Naturally, he continued to write and direct plays. In fact, I suggested that he should write a play entitled “The Professor Who Almost Became Minister.” You have the Noni people as background. You have the young Noni gendarme officer who would have become your bodyguard; there is the High School teacher who should have become your Private Secretary; your orphaned house helps (Nya and Bofa) rescued from grinding village poverty; and party visits (especially on 6 November: the date of the coming of the Messiah; and May 20: the day water and oil had an unprecedented mix) and sporadic bags of rice and cartons of soap for the bamboozled electorate, every time an election rolled around. And so on. And, above all, don’t fail to paint the scene of the Eldorado that you selfishly refused to give the Noni people...Never mind. And, in the background, the bewitching throbs of the njang dance.

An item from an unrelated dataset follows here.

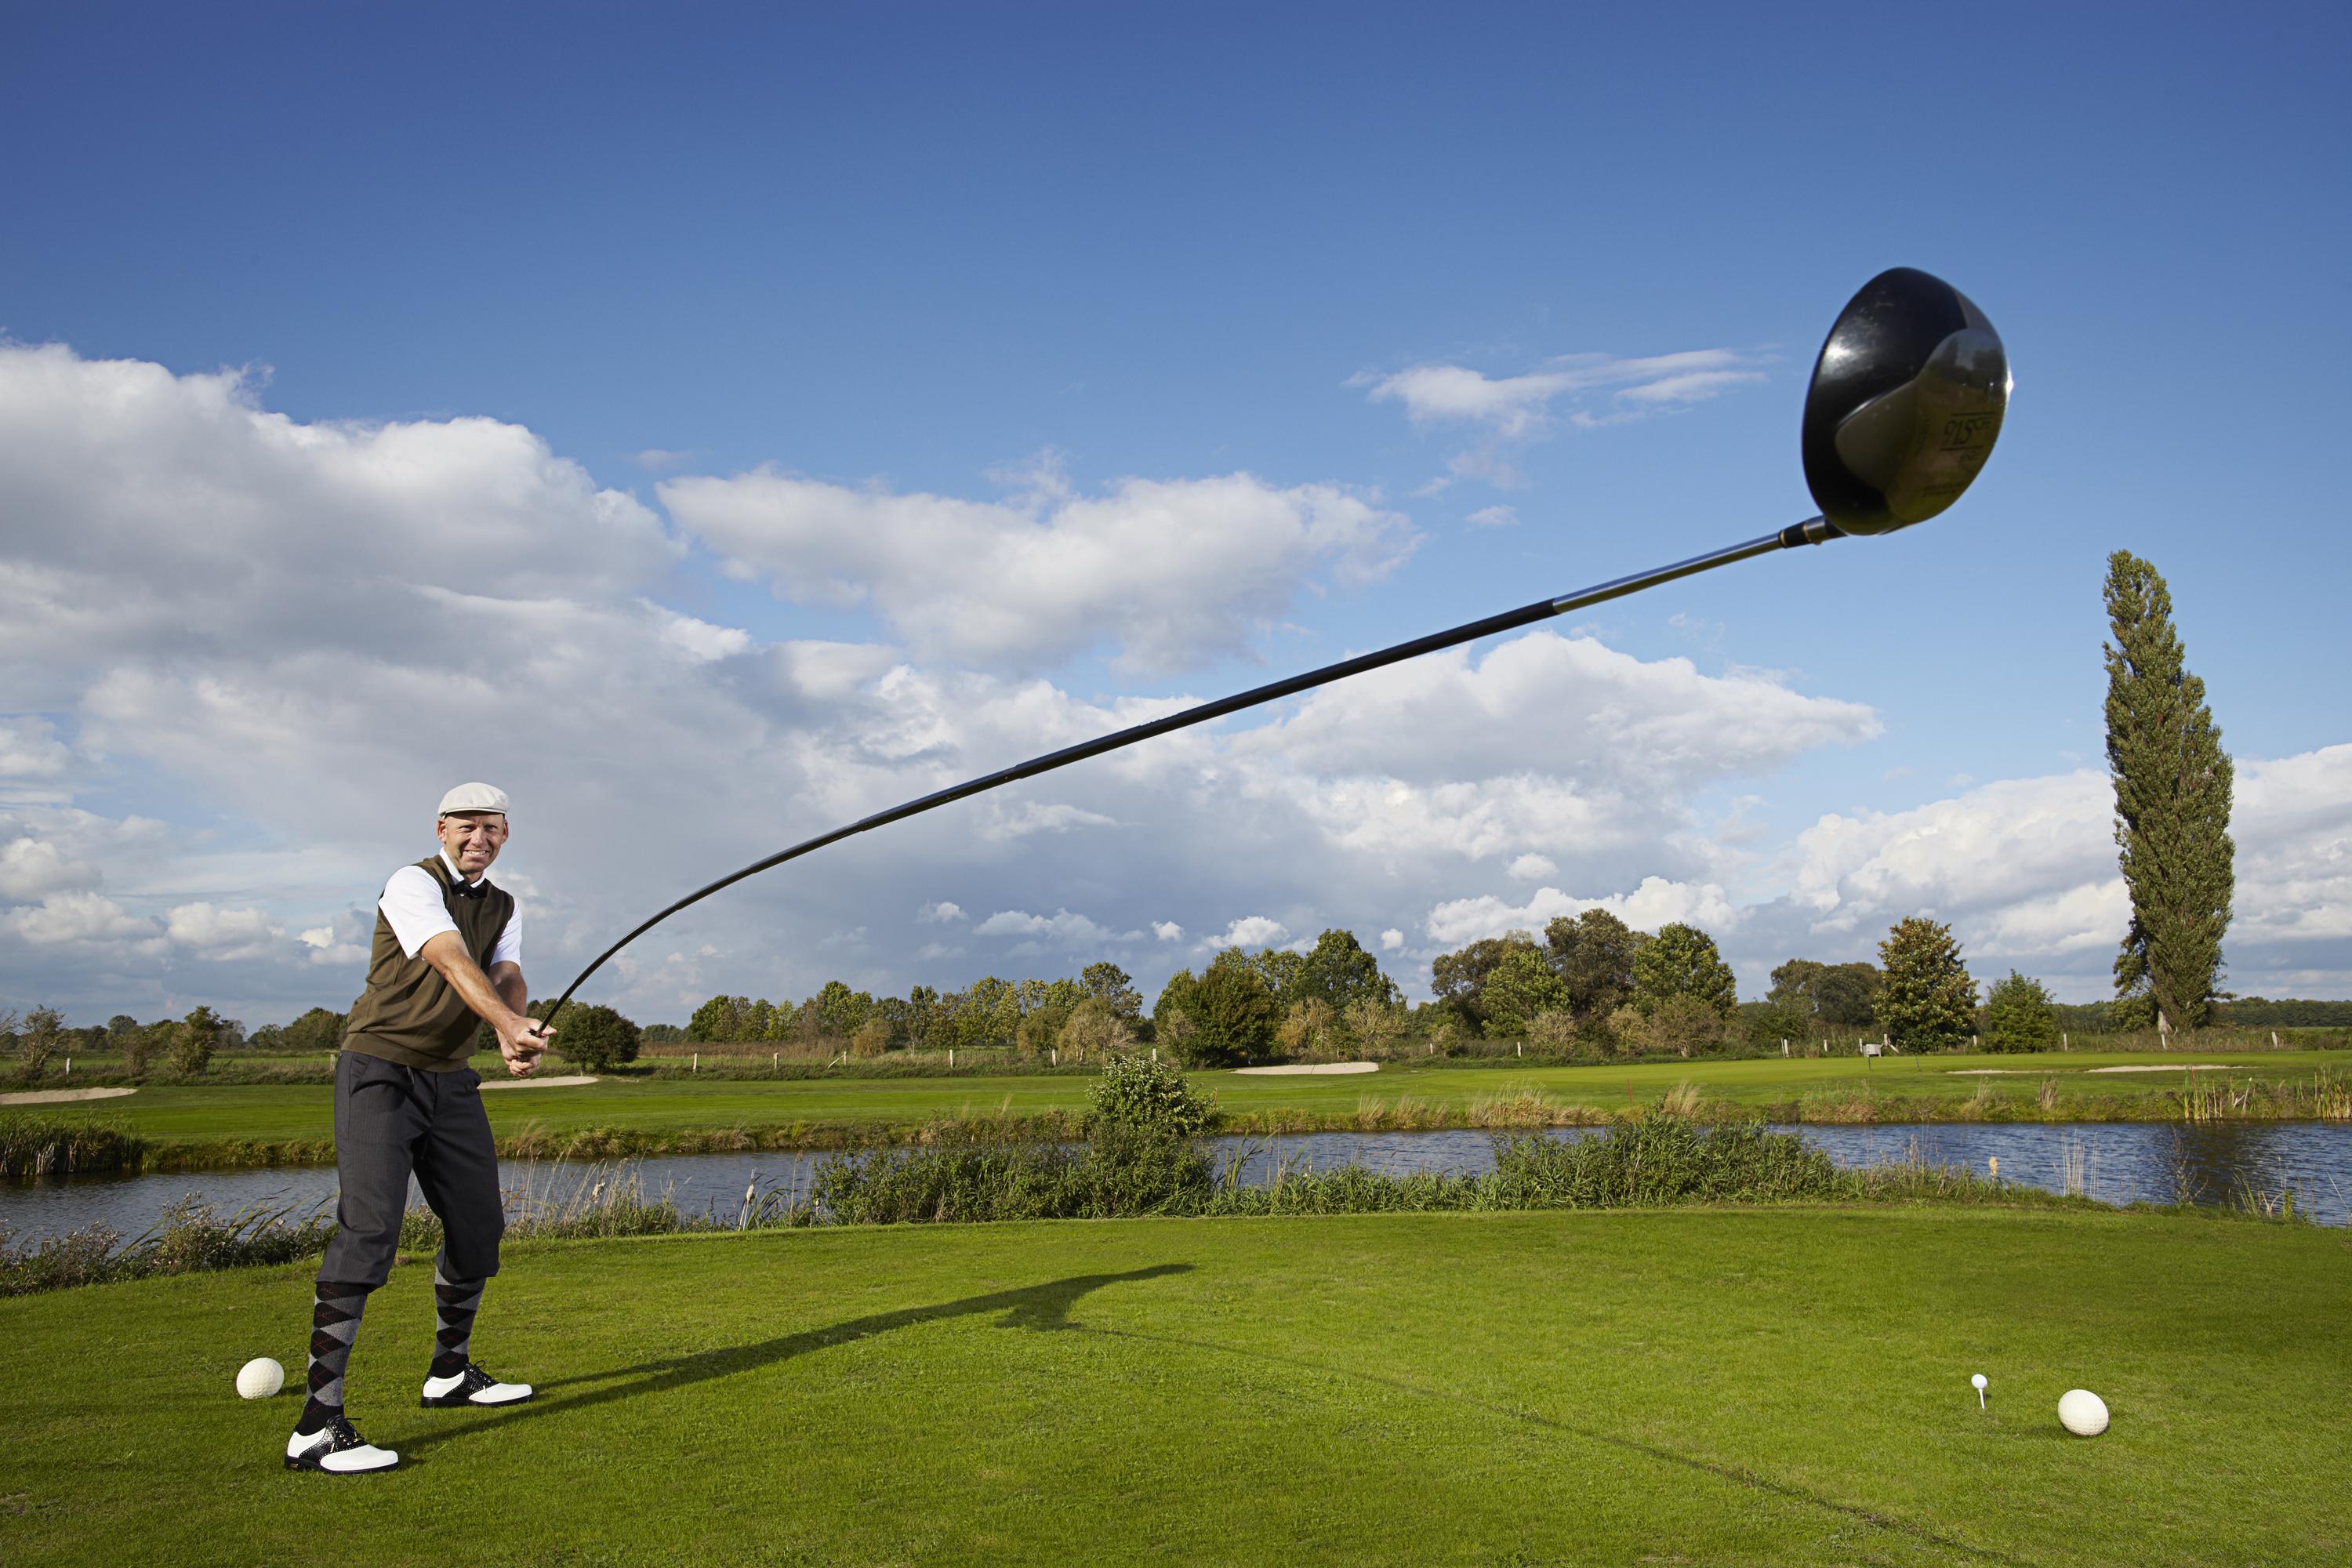 
La più lunga mazza da golf del mondo - Karsten Maas, 49 anni, danese, entra nel libro che consacra i record per aver creato la più lunga mazza da golf del mondo utilizzabile. Misura 4.37 metri di lunghezza ed è stata usata per lanciare una palla ad una distanza di 165.46 metri presso il 'Golf in Wall' a Wall, Germania. Karsten, professionista del golf e 'Trick Golf Artist', dice che anche se è fiero della sua mazza da record, non ci sono grandi chance di vederlo sul green con quella mazza: "Il peso e la lunghezza della mazza rendono il lancio della palla veramente faticoso. E in più io non ho un caddy!".

Prof. Butake couldn’t have been that kind of Minister because he argues in Home or Exile that: “It is really disgusting how people can abuse their consciences and allow themselves to be manipulated by Machiavellian political leaders because they want to be appointed to high administrative offices where they will be in control of budgets and so can serve themselves generously from the tax-payer’s sweat.”
One thing I wish you, though, as you formally depart from this raucous realm is this: Let the ink, through those you mentored and groomed continue to flow!